━━━━━ EXERCISE INPUT

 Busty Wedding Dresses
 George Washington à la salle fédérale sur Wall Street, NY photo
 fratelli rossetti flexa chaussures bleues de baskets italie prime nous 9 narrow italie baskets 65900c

━━━━━━━━━━
━━━━━ EXERCISE INPUT

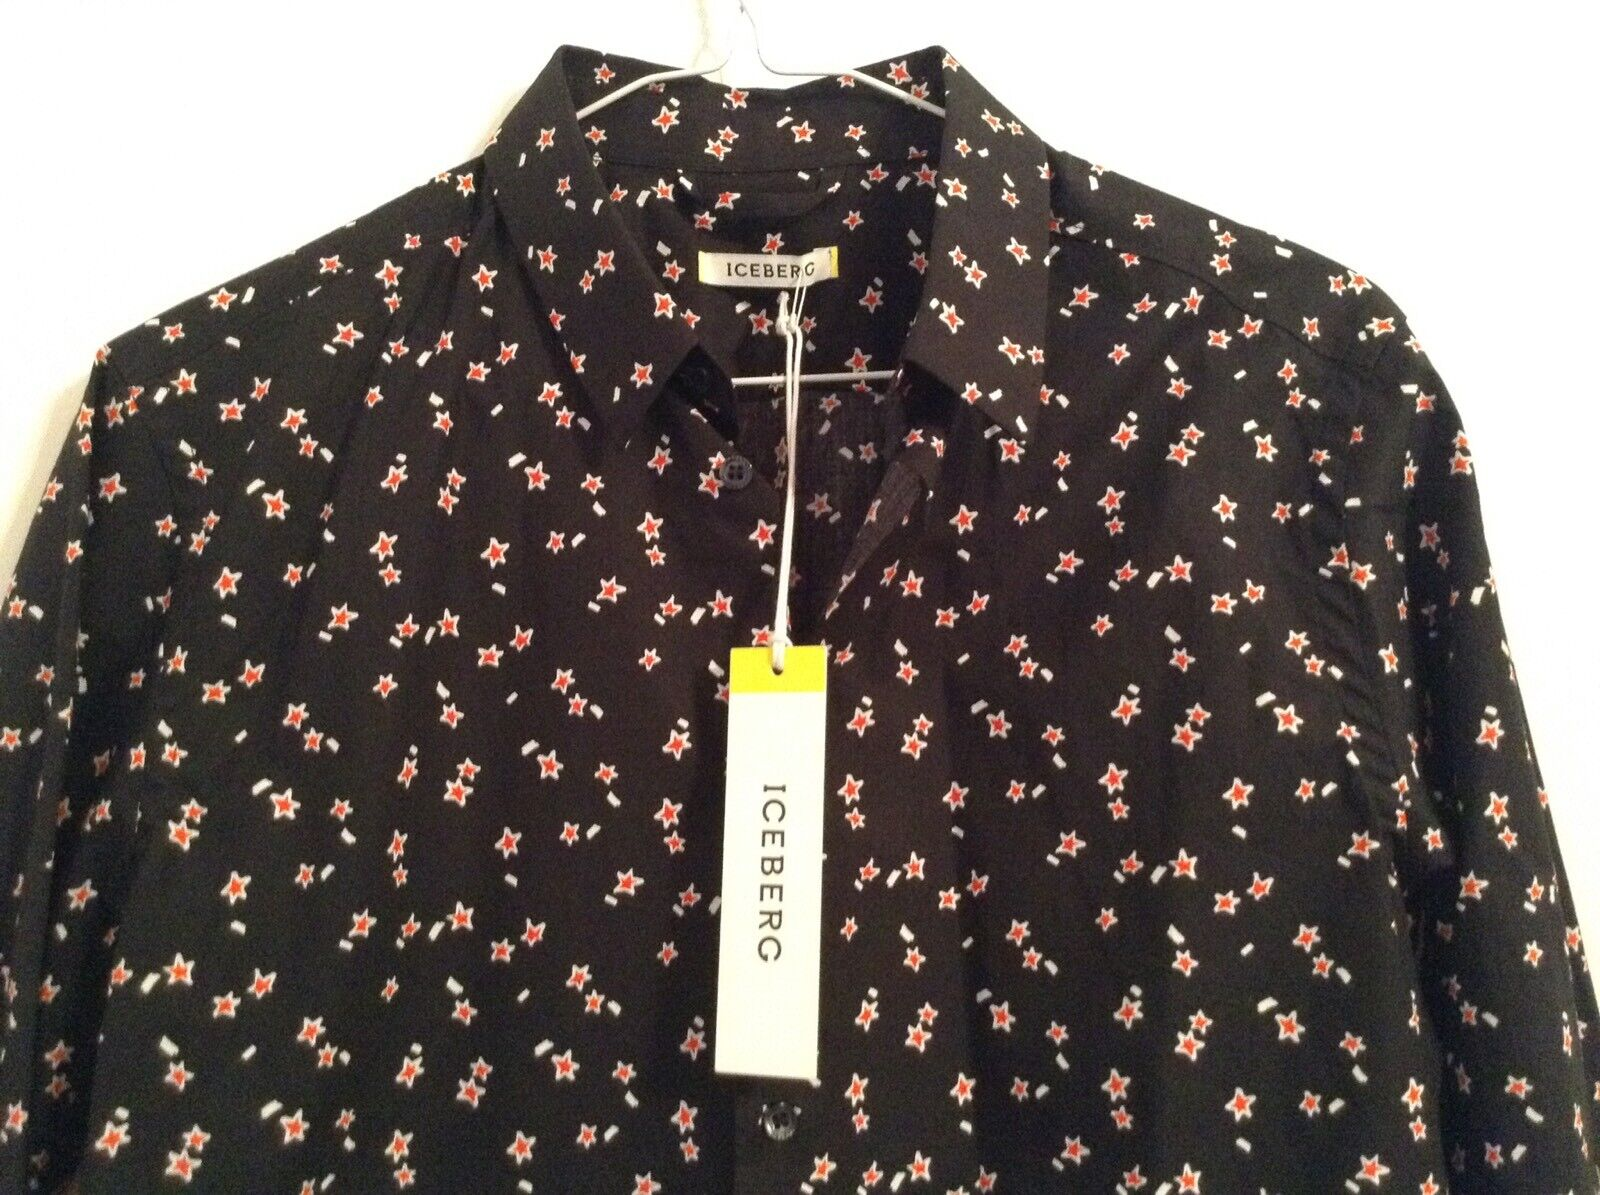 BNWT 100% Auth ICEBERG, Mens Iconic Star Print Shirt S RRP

━━━━━━━━━━

_YOUR TASK:_ In the data above, start at the line that has "Busty Wedding Dresses", stop after the line that has "fratelli rossetti flexa", and print every line in between exactly as it stands.

_COMPLETED TASK:_
 Busty Wedding Dresses
 George Washington à la salle fédérale sur Wall Street, NY photo
 fratelli rossetti flexa chaussures bleues de baskets italie prime nous 9 narrow italie baskets 65900c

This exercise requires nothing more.